A rallying cry for our underserved senses.

I recently saw the band Swans live for the second time. They were promoting a stellar new album (The Seer) which essentially encompasses all of the varied and challenging music that bandleader Michael Gira has made under a few different monikers over the last thirty years. In the two years since I saw them last, I had gotten to know their oeuvre better, and coming to this show with a more educated ear paid off. Swans’ allure can be difficult to explain since their output is generally pretty ugly by conventional standards, but their live show has helped me fill in a piece of that allure’s puzzle: their music is intensely physical.

Part of it has to do with the sound being produced organically, from musical instruments and non-instruments alike, and the ability of that sound to embody the physical act – from delicate precision to chaotic, flailing abandon – with which it was derived. Modern production techniques have a way of making music sound like it just happens, but one never doubts that a Swans record is the result of manual labor, and that labor is made manifest in the band’s apocalyptic live show.

But there is another not-so-secret physical ingredient that pushes a Swans show into transcendent territory: extremely high volume. How loud is it? Well, it occurred to me that a deaf person might get nearly as much out of the show as I did. It is loud enough to make your insides rumble, effectively forcing you to listen with your entire body. And this makes the experience that much more immersive: if you’re already attuned to the emotional and intellectual qualities of the music, the volume will penetrate you physically as well. A Swans show can and will overtake the whole of one’s being.

Later, I wondered if the experience was made more acute by physicality’s diminished relevance in a modern life dominated by abstract interactions with pixels behind glass.

A wide range of experiences that used to be physically distinct from each other now share the homogenous tactility of our digital devices. Not so long ago, I couldn’t possibly mistake my copy of Slaughterhouse Five for my telephone’s handset, but now, when I reach for one, I am by inescapably reaching for both. Granted, these experiences do have a fundamental thing in common – the movement of ideas – and the paper and plastic that accompanied them in the past were artifacts of less efficient means of distribution than what we have now. Consolidating the material components of these experiences was the right thing to do.

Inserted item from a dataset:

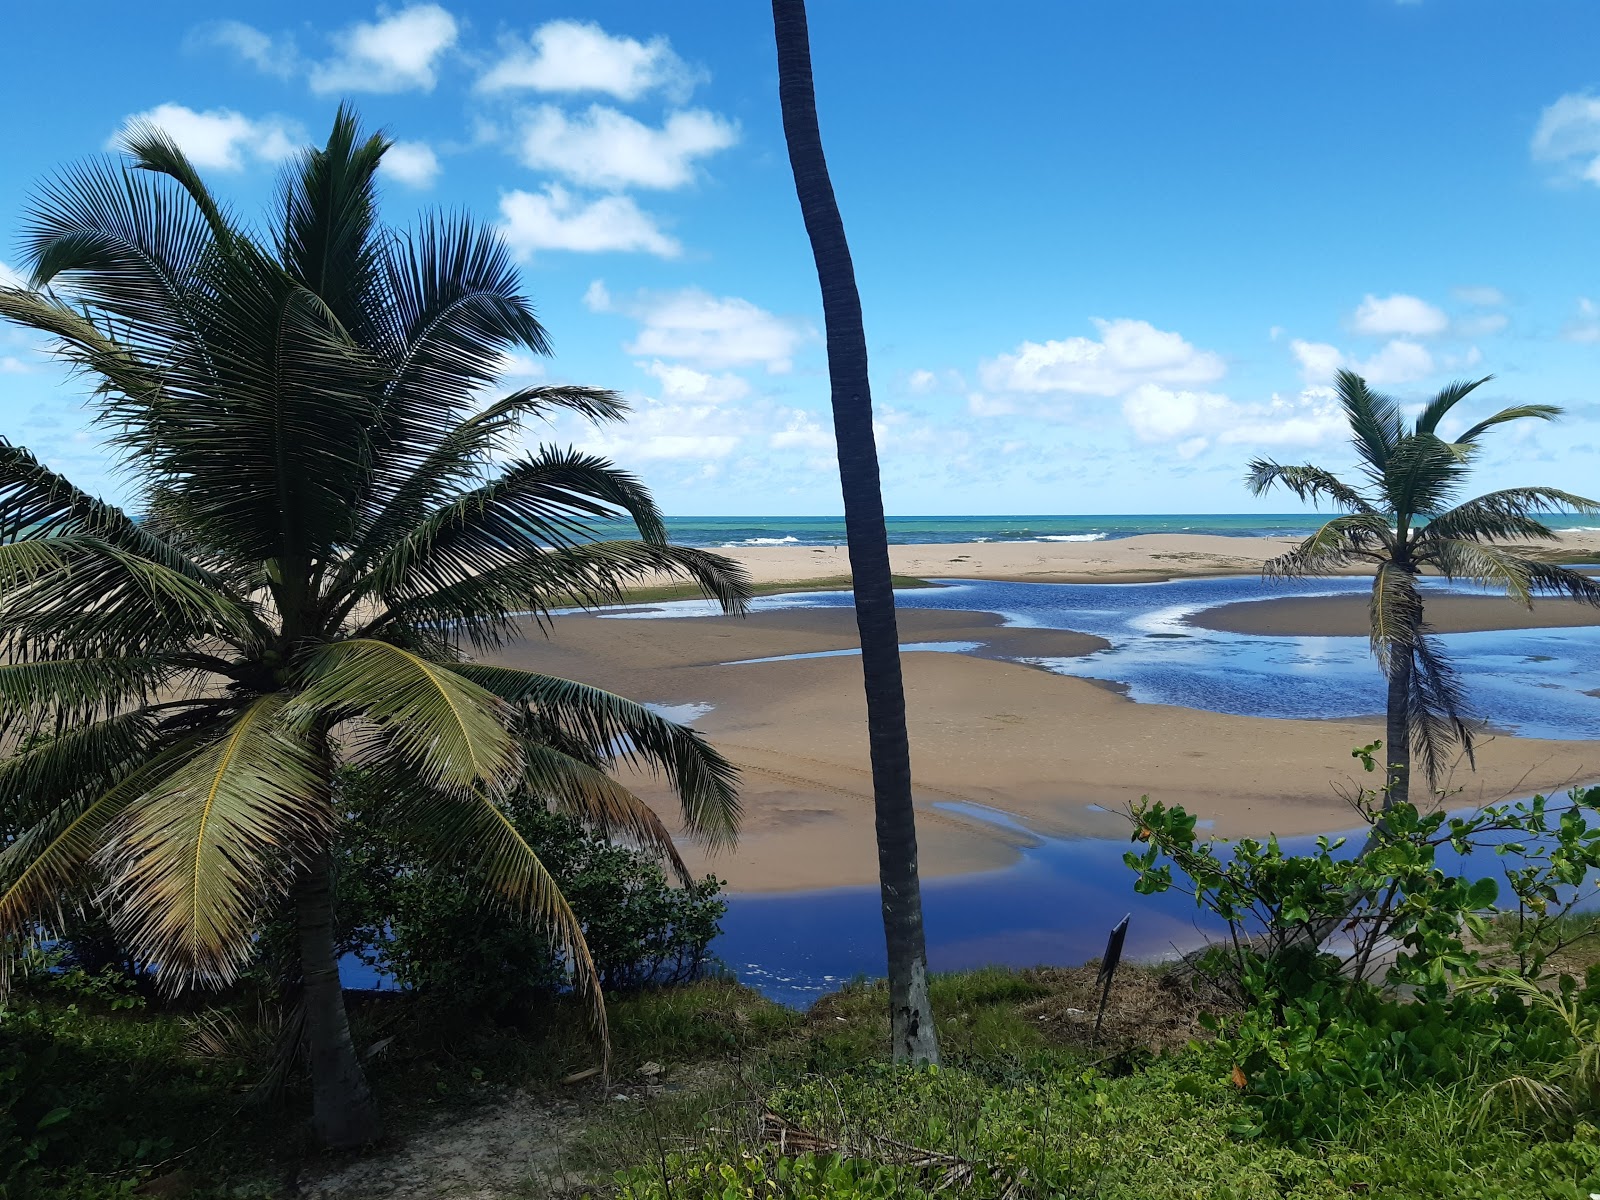 Foto von Praia de Imbassai - beliebter Ort unter Entspannungskennern

But that doesn’t mean our senses of touch, taste, and smell aren’t every bit as important as their siblings. We may be living in the Information Age, but organic matter doesn’t seem to be going anywhere. Weight, shape, texture, and so many other physical properties are valuable experiential devices and information transmitters. So I’m looking forward to the day when information technology can replicate and manipulate more than just sights and sounds.